Stored items from a collection:
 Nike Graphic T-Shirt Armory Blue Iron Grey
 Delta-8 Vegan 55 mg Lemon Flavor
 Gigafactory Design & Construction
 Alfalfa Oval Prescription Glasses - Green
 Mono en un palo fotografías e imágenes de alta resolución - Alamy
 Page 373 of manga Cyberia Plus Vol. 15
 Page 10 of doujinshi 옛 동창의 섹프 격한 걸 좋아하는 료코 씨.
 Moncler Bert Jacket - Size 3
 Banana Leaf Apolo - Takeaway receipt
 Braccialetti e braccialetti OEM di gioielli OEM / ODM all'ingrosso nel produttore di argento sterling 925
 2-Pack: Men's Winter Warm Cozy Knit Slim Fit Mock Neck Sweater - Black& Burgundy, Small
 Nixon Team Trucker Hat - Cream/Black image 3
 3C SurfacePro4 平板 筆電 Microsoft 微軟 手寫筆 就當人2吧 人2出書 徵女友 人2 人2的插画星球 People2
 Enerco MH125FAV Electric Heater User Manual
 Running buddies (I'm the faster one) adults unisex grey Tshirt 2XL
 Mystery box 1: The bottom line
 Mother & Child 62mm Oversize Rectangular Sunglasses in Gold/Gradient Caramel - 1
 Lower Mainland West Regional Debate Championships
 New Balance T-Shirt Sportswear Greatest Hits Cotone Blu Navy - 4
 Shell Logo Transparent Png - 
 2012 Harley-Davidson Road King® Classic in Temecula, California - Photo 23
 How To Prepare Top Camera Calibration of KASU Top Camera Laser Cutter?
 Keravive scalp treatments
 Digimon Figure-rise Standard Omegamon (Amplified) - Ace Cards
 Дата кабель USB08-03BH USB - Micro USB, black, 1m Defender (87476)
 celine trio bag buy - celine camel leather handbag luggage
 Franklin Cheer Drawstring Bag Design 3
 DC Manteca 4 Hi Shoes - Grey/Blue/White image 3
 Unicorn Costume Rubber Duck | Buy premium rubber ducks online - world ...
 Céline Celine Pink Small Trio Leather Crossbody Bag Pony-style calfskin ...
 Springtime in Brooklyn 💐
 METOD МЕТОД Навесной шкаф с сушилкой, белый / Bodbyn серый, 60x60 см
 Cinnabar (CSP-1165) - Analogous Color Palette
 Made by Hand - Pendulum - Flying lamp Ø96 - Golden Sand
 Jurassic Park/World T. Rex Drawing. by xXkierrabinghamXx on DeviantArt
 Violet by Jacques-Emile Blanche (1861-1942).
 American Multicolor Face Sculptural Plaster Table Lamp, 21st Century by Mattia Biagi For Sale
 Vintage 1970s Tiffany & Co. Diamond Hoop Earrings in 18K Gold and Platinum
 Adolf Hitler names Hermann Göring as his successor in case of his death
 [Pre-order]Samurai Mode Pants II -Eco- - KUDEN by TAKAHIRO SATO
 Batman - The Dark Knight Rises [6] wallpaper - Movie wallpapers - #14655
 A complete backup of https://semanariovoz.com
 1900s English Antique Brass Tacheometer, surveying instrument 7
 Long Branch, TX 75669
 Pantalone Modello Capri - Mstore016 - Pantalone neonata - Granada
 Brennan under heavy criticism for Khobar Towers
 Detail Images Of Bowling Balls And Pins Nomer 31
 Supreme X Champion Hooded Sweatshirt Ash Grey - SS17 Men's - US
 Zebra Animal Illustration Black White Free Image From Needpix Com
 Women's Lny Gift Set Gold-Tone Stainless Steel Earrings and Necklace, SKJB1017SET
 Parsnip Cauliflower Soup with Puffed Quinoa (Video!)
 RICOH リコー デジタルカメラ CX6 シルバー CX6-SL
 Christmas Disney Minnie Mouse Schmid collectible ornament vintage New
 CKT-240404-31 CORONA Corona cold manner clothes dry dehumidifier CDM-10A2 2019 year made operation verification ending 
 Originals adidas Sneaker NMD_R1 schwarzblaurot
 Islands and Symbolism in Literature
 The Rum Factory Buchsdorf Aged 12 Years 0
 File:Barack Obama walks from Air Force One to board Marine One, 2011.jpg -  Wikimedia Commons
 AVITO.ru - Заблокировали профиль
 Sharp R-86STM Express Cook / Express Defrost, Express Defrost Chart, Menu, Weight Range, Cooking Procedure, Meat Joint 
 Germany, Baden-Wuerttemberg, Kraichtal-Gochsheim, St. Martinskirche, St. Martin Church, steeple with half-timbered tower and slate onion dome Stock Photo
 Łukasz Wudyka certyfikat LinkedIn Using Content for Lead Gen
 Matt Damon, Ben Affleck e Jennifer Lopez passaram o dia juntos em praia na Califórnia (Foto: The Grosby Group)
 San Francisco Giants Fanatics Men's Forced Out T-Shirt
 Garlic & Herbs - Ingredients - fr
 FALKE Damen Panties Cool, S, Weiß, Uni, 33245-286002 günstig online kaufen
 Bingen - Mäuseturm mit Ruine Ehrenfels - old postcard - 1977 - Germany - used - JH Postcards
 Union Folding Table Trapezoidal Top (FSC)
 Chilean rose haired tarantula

§ YOUR TASK
Output the records above exactly, from their first line through the line that contains "Page 373 of manga Cyberia Plus Vol. 15", and add nothing.

§ TASK OUTPUT
 Nike Graphic T-Shirt Armory Blue Iron Grey
 Delta-8 Vegan 55 mg Lemon Flavor
 Gigafactory Design & Construction
 Alfalfa Oval Prescription Glasses - Green
 Mono en un palo fotografías e imágenes de alta resolución - Alamy
 Page 373 of manga Cyberia Plus Vol. 15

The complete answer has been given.